CROSS-REFERENCE TO RELATED APPLICATION
This application claims the benefit of China Patent Application No. 201310457253.7, filed on Sep. 30, 2013, which is hereby incorporated by reference for all purposes as if fully set forth herein
BACKGROUND OF THE INVENTION
1. Field of Invention
The present invention relates to a bending die having surface microstructures and a bending punch thereof, and more particularly to a bending die in which microstructures are disposed on a surface of a working portion of a bending punch and on a forming surface of a die and a bending punch thereof.
2. Related Art
In the recent decade, with the rapid development of the electronics industry, the sales of commodities like consumer electronic products such as mobile phones and notebook computers increase significantly. These commodities tend to become small in volume, light in weight, high in strength, and high in heat dissipation performance in recent years, which require that the components thereof also need to be made of metal and in miniature sizes. However, component production adopting semiconductor or unconventional processes is subject to disadvantages such as high equipment cost, limited materials used in processes, small depth-to-width ratios of products, and difficulties in making components of 3D shapes.
Metal forming processing is a key technology for mass production of metal parts in conventional manufacturing, which has advantages such as high production efficiency, material saving, high precision, near net shape production, desirable mechanical properties of finished products, unlimited material applications, and simplified design of parts, and meets the conceptual requirements for environmental friendliness of green industries, so that the applications of metal forming in component microfabrication have drawn more and more attention, which is called metal micro-forming.

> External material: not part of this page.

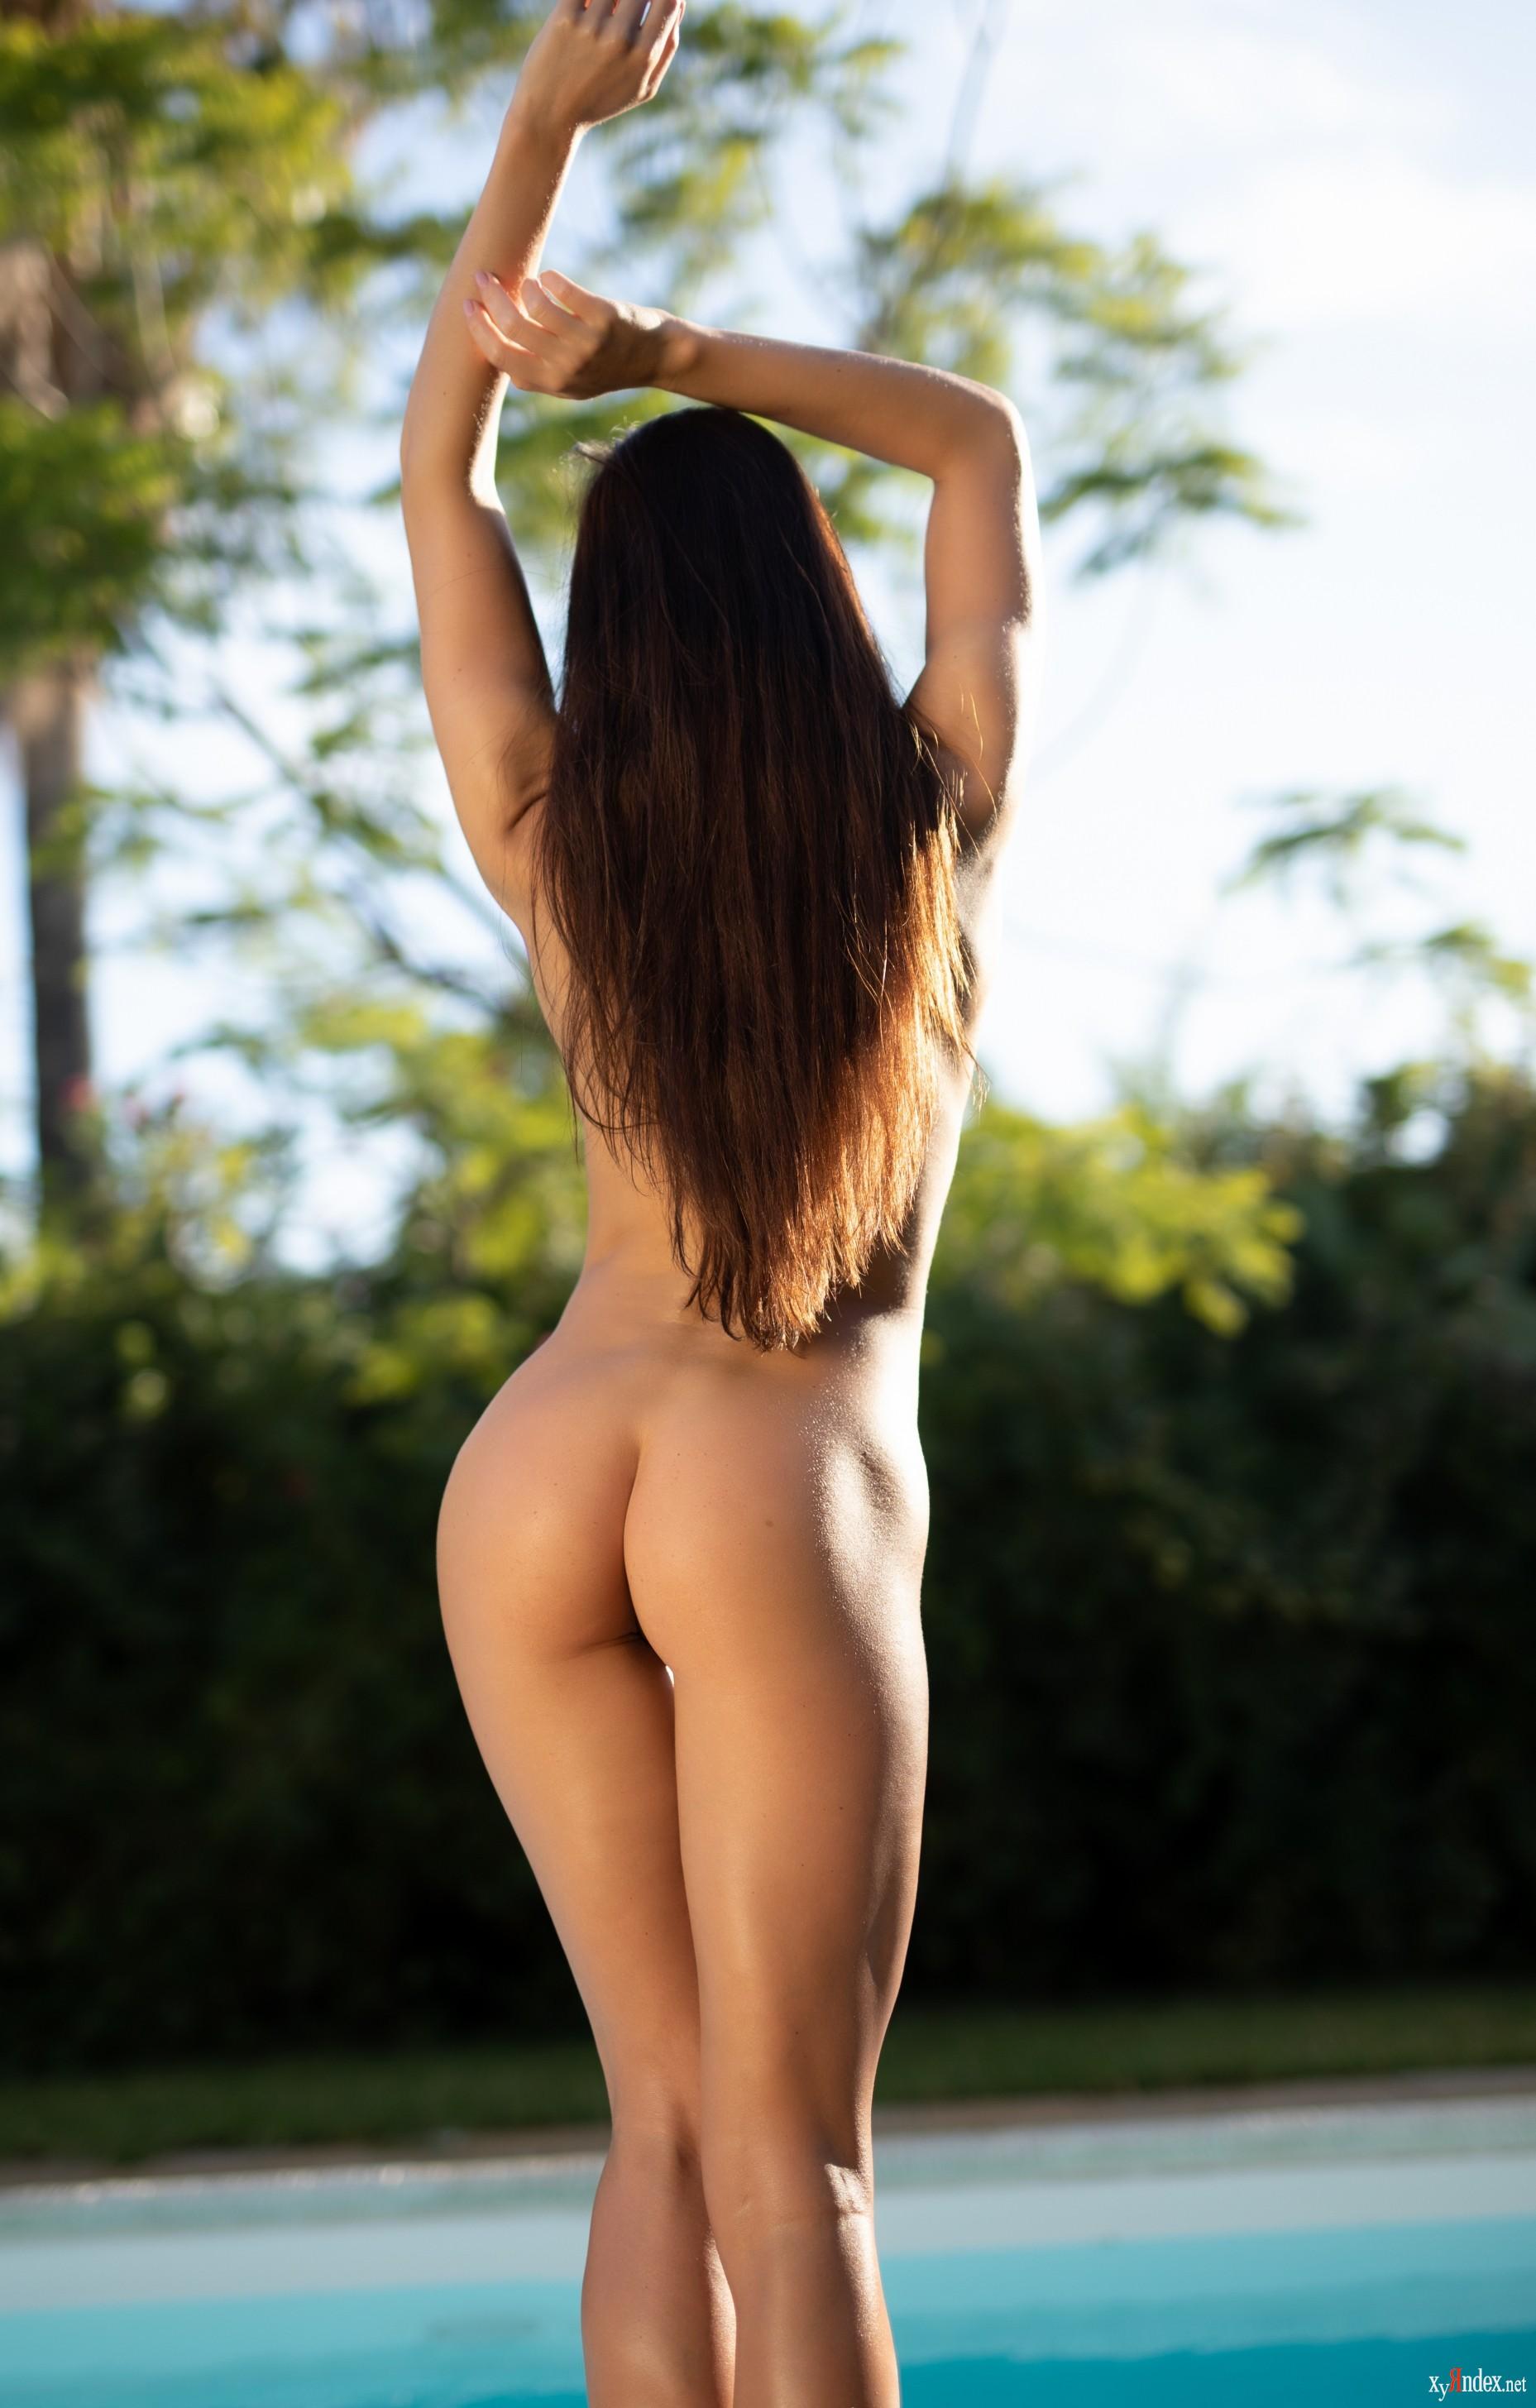 https://xyya.net/uploads/posts/2020-06/1592929762_20062020-13.jpg

Bending processing in metal forming processing refers to that metal sheets are bent and plastically deformed into demanded shapes and angles through processing of bending tools. When external forces are removed, the bent, permanent deformations are still kept. FIG. 1A to FIG. 1C are schematic views of a common bending die of a V-shaped bending type and a stamping process thereof. For a bending die 10, a blank 11 (for example, a metal sheet) is first placed on a forming surface 121 of a die 12 and then a bending punch 13 is performed a back and forth stroke towards a die 12 to stamp the blank 11, so that after the blank 11 is pressed and bent, the bottom surface of the blank 11 is shaped by the forming surface 121, and the top surface of the blank 11 is shaped by the bending punch 13, so as to obtain a demanded V-shaped shape finished product or semi-finished product.
In addition, FIG. 2A to FIG. 2C are schematic views of a common bending die of an L-shaped bending type and a stamping process thereof. For a bending die 10′, a blank 11′ first is placed on a forming surface 121′ of a die 12′ a blank holder 14 is positioned and held the blank 11′ and then a bending punch 13′ is performed a back and forth stroke towards the die 12′ to stamp the blank 11′, so that after the blank 11′ is pressed and bent, the bottom surface of the blank 11′ is shaped by the forming surface 121′, and the top surface is shaped by one side of the bending punch 13′, so as to obtain a demanded L-shaped finished product or semi-finished product.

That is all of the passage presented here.